Another importer, Mrs. Grace Ifeayinwa, expressed the fear that her clearing agent might have shortchanged government in the duty payment for her Toyota Highlander imported through the Apapa port.Ifeayinwa, who said she could not trust any agent due to allegations of fraud, revealed that she was trying to verify the original duty payable on the vehicle upon allegation that the clearing agent paid N700,000 instead of N1.2 million estimated by the customs.
“When I confronted him, he started avoiding me. Then I contacted another agent who also claimed that I have to pay a penalty fee of N400,000 with a processing fee of N120,000. I have made my findings and discovered that they are both fraudulent, but I am confused now, because I cannot drive the car.
“The customs should simplify the duty calculations and payment so that the importers would be able to know the exact duty payable and possibly effect payment by themselves. The existing method is encouraging fraud and it’s not good for our economy,” she said.The President of the National Council of Managing Directors of Customs Licensed Agents, (NCMDCLA), Lucky Amiwero, told The Guardian that the association was doing a lot to ensure that the agents comply with the ethical practice in the job.
Amiwero said the importers should report fraudulent agents to the appropriate quarters such as the customs management, which is authorized to sanction any erring practitioner.
“Such an agent could be dragged to court which will declare him as guilty and mete out necessary punishment. If a court has not declared him guilty, it would be difficult for anyone to call him a fraudster. Besides, the NCS also has the authority to sanction any erring agent by way of withdrawing the operating certificate, and the agency has been doing that when it is convinced beyond reasonable doubt,” he said.

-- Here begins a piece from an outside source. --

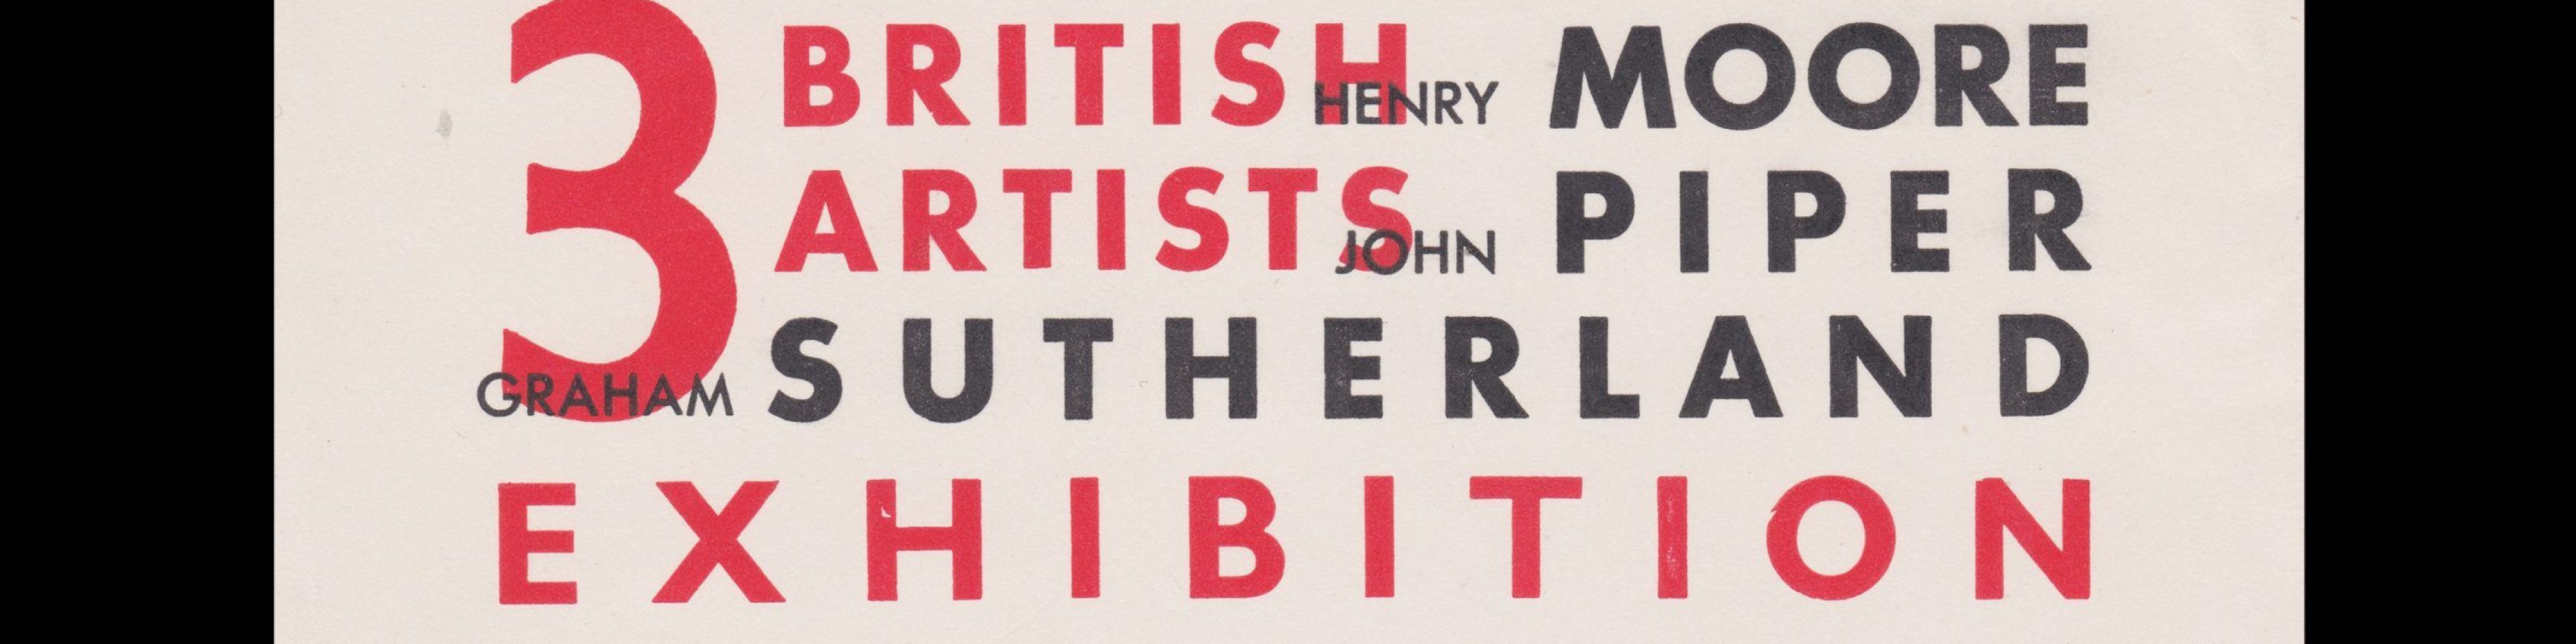 3 British Artists Exhibition, Leicester Museum and Art Gallery, 1941

The Public Relations Officer, Customs Tin Can Island Command, Uche Ejesieme, told The Guardian that the agency did not tolerate fraudulent agents.“We ensure strict compliance with duty rules and sanction the erring agents after a diligent profiling has proved him to be fraudulent.
“We have sanctions that we apply to those that are circumventing the process. We have blocked a lot of licences. Once we do system profiling and discover infraction in documentation or any manner, we have a way of blocking the license. I can assure you that we follow due process before anybody can block the license. We go through all manner of processes before you can ascertain fraudulent agents. If you don’t engage in such checks and balances, they will let the system off. We have many of them that have been blocked,” he said. He alleged that some of the fraudulent agents used other people’s licences, but at the end of the day, the owner of the licence would be the one to suffer.
Ejesieme enjoined vehicle owners who feel defrauded to visit the customs zonal office to regularise their duty, saying the NCS had opened a window for such an opportunity. “The CG has opened a window in all zonal offices of customs. We have a platform there whereby anybody who wants to regulate his duty payment can stroll in and do so without stress,” he said.